- [ASSIGNMENT]: When you copy the material below, keep every line exact and leave each picture out.

═════ STORED DATA

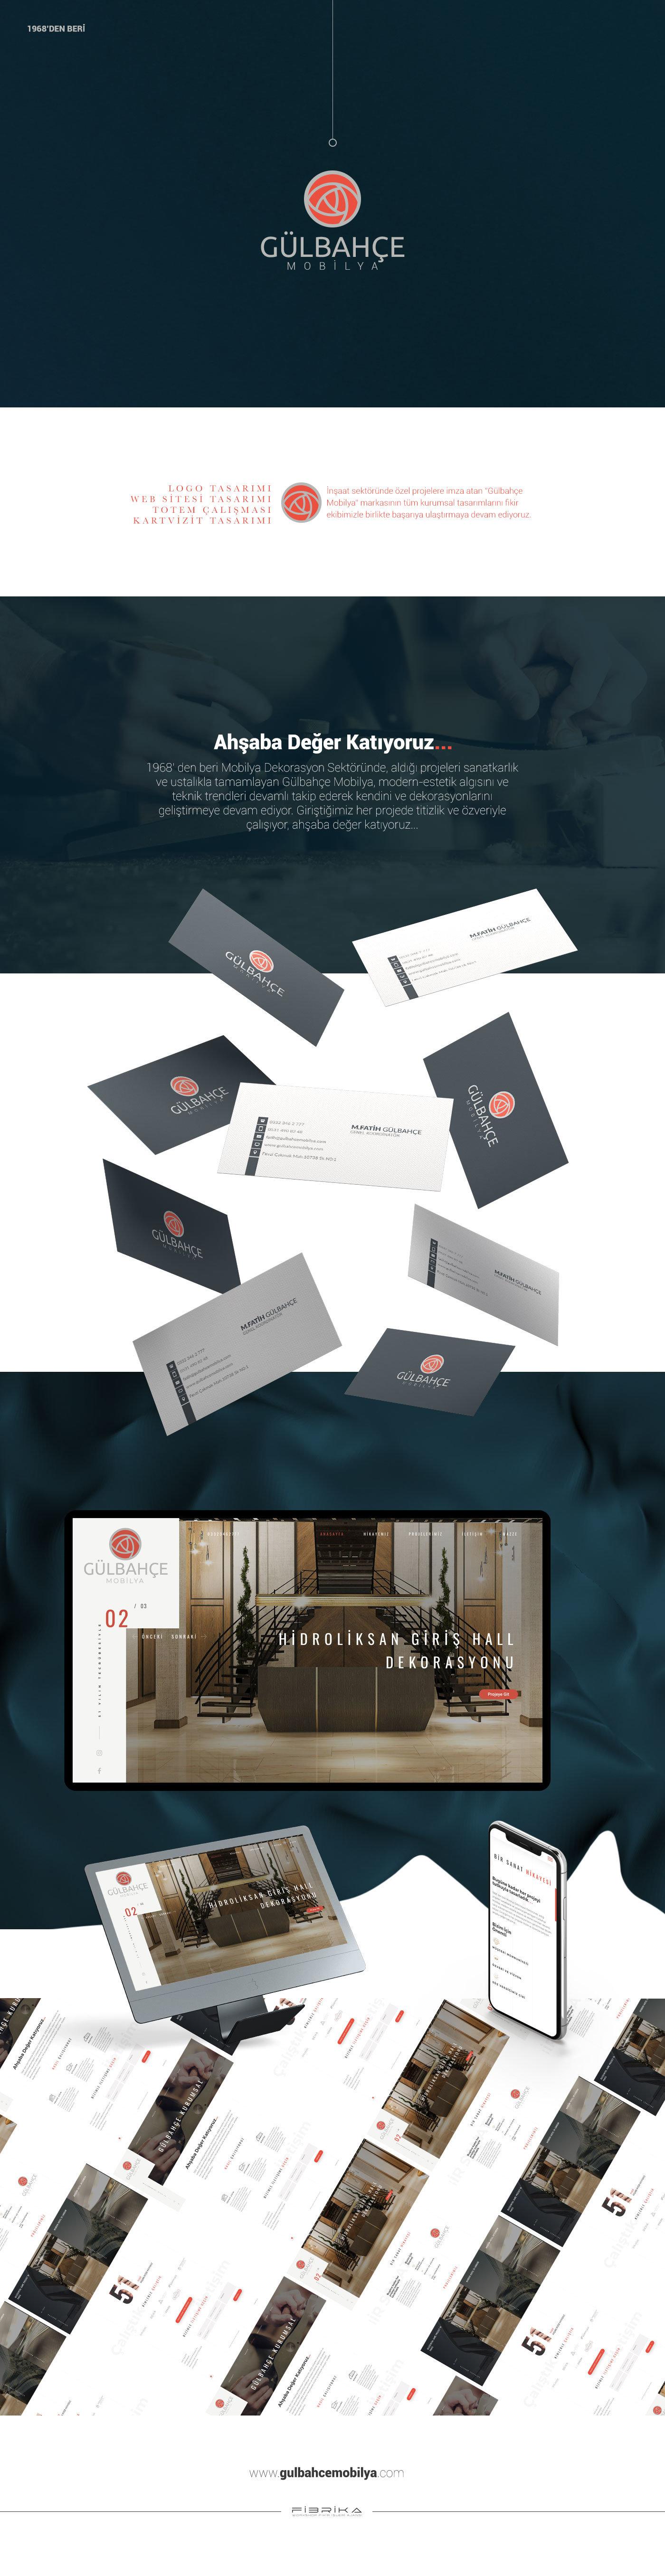 Web sitesi, kartvizit tasarımı, logo tasarımı
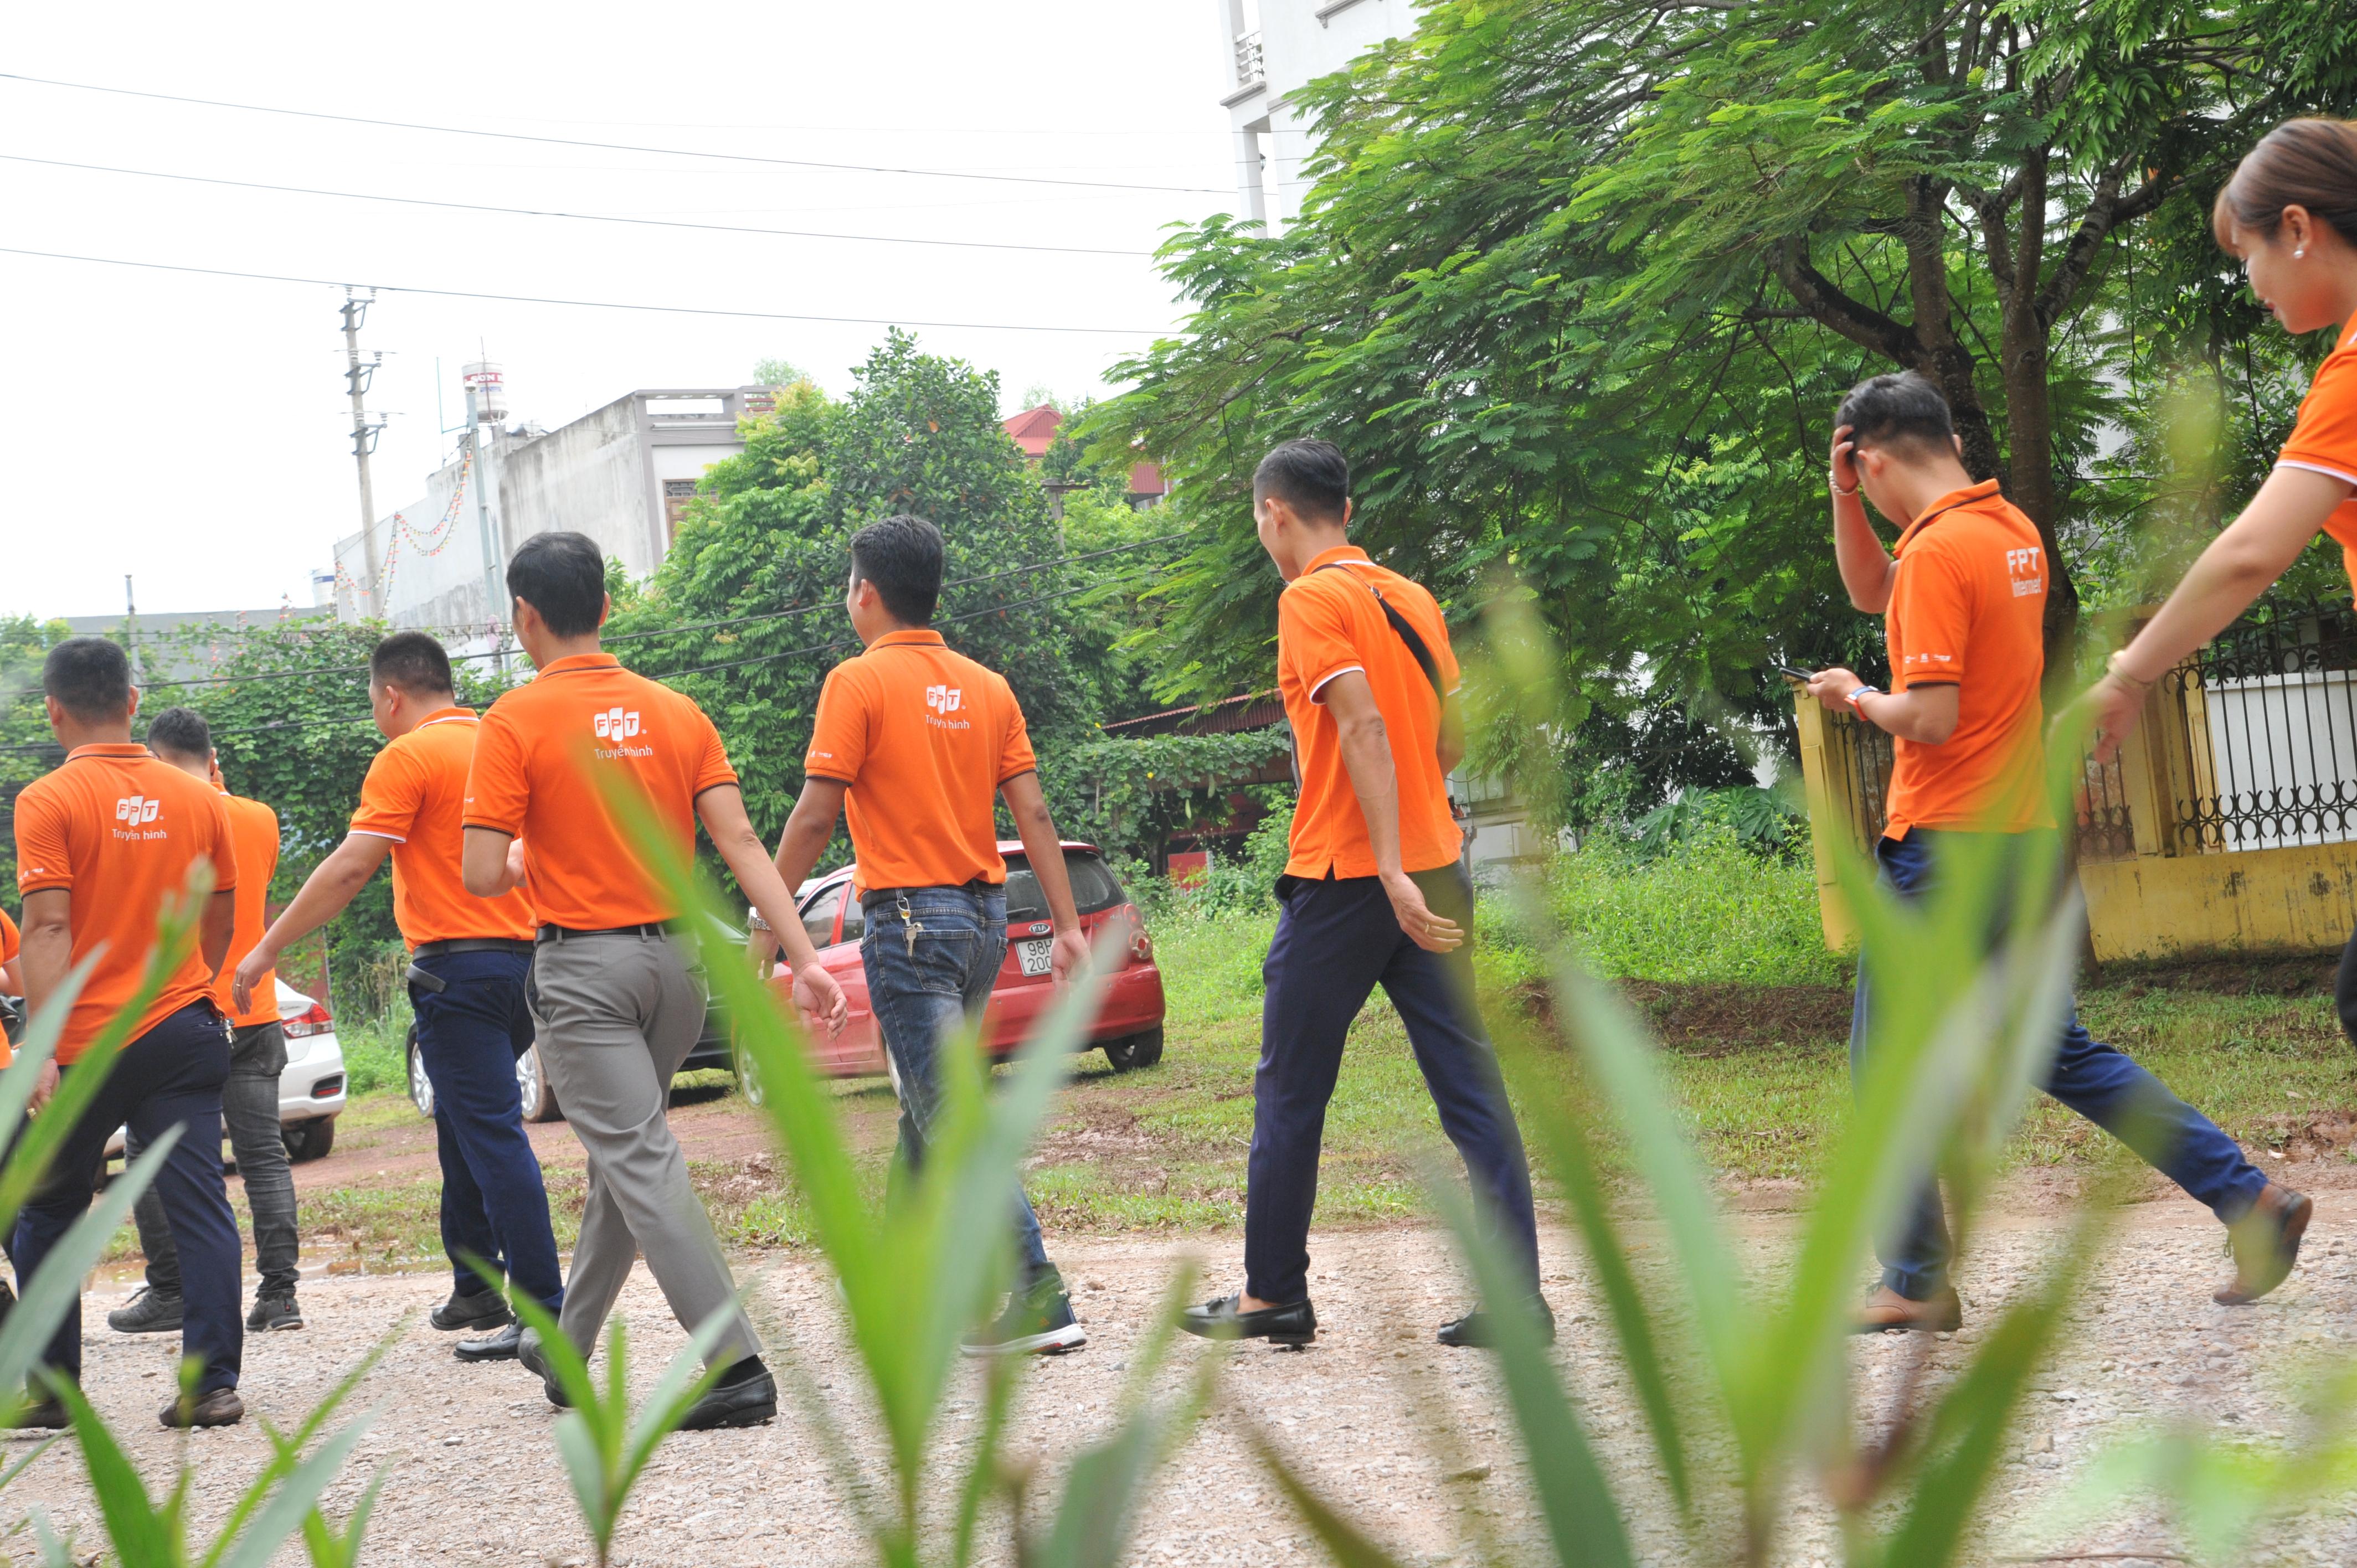 Hiện tại, FPT Telecom đã tiến hành trao và khánh thành 6 sân chơi cho trẻ em trên toàn quốc. Dự kiến trong tuần tới, đơn vị sẽ đi đến các địa điểm ở Điện Biên, Lào Cai... những địa điểm các xa trung tâm để các em nhỏ nhanh chóng tiếp cận được vơi khu vui chơi. Dự án khu vui chơi được xuất phát từ chương trình FoxSteps - chinh phục 13 vòng trái đất của FPT Telecom. FoxSteps là chiến dịch của FPT Telecom từ ngày 5/8 - 28/8, nhằm mục đích lan toả những cảm hứng sống tích cực tới từng cán bộ, nhân viên đồng thời đồng hành cùng cộng đồng chung tay vì tuổi thơ trọn vẹn của trẻ em Việt Nam. Theo đó, 10.000 người thuộc công ty sẽ đi bộ liên tục trong vòng 31 ngày, nhằm chinh phục 13 vòng trái đất - tức 520.000 km. Mục tiêu của chiến dịch FoxSteps là xây dựng sân chơi hoàn toàn miễn phí cho trẻ em trên các tỉnh thành cả nước với đầy đủ các trang thiết bị vui chơi tiện nghi. Mỗi kilomet người FPT Telecom đi được sẽ được đóng góp vào quỹ xây dựng sân chơi.
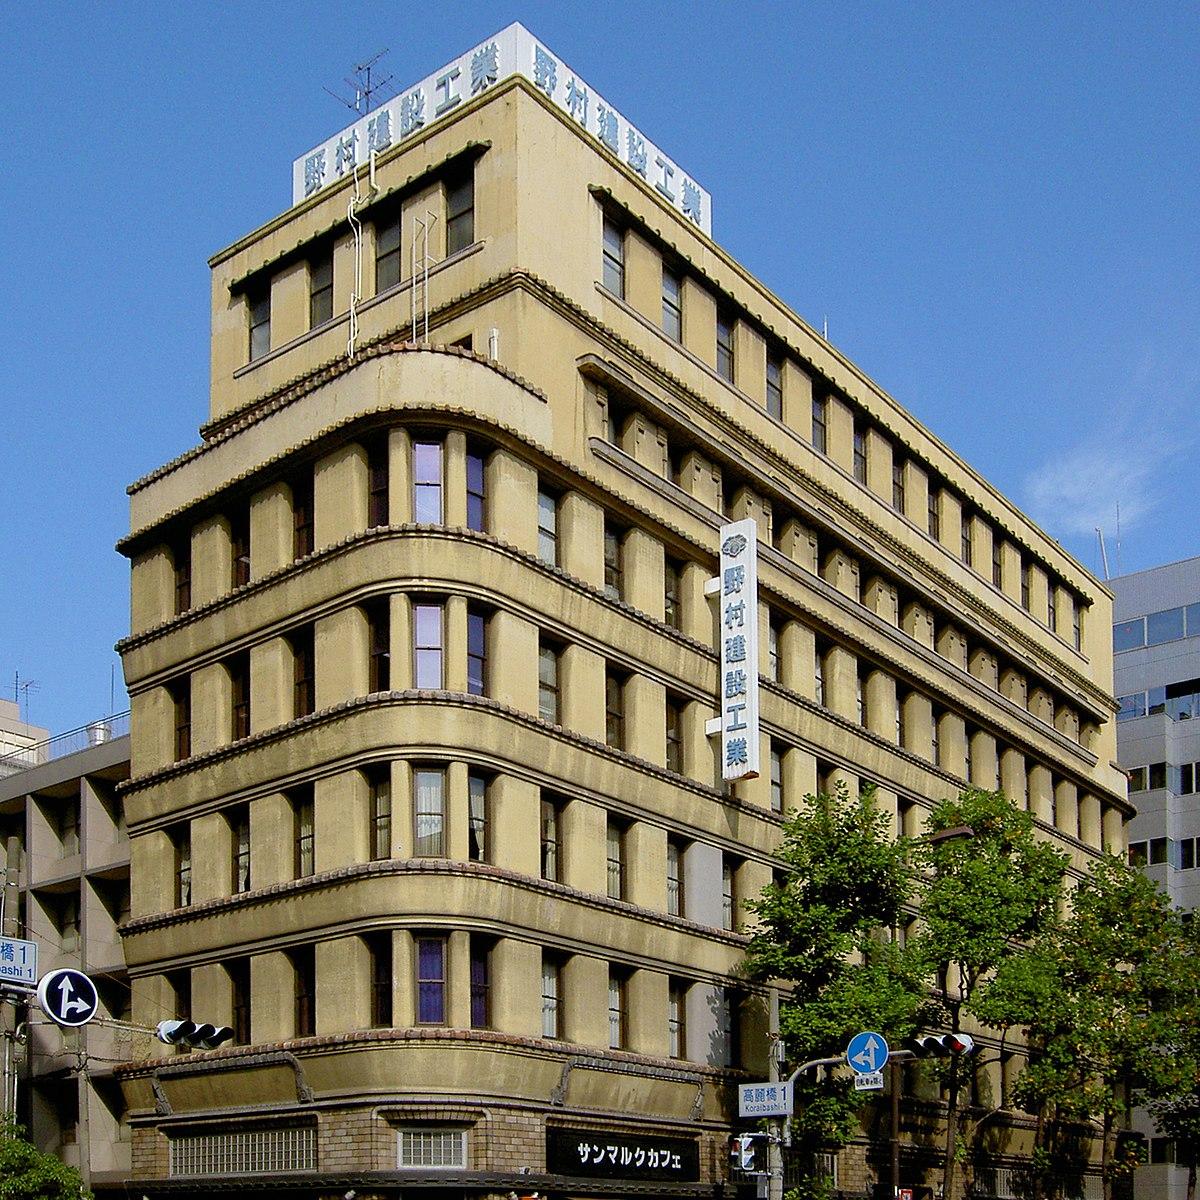 高麗橋野村ビル - Wikipedia

══════════

- [TASK OUTPUT]:
 Web sitesi, kartvizit tasarımı, logo tasarımı
 Hiện tại, FPT Telecom đã tiến hành trao và khánh thành 6 sân chơi cho trẻ em trên toàn quốc. Dự kiến trong tuần tới, đơn vị sẽ đi đến các địa điểm ở Điện Biên, Lào Cai... những địa điểm các xa trung tâm để các em nhỏ nhanh chóng tiếp cận được vơi khu vui chơi. Dự án khu vui chơi được xuất phát từ chương trình FoxSteps - chinh phục 13 vòng trái đất của FPT Telecom. FoxSteps là chiến dịch của FPT Telecom từ ngày 5/8 - 28/8, nhằm mục đích lan toả những cảm hứng sống tích cực tới từng cán bộ, nhân viên đồng thời đồng hành cùng cộng đồng chung tay vì tuổi thơ trọn vẹn của trẻ em Việt Nam. Theo đó, 10.000 người thuộc công ty sẽ đi bộ liên tục trong vòng 31 ngày, nhằm chinh phục 13 vòng trái đất - tức 520.000 km. Mục tiêu của chiến dịch FoxSteps là xây dựng sân chơi hoàn toàn miễn phí cho trẻ em trên các tỉnh thành cả nước với đầy đủ các trang thiết bị vui chơi tiện nghi. Mỗi kilomet người FPT Telecom đi được sẽ được đóng góp vào quỹ xây dựng sân chơi.
 高麗橋野村ビル - Wikipedia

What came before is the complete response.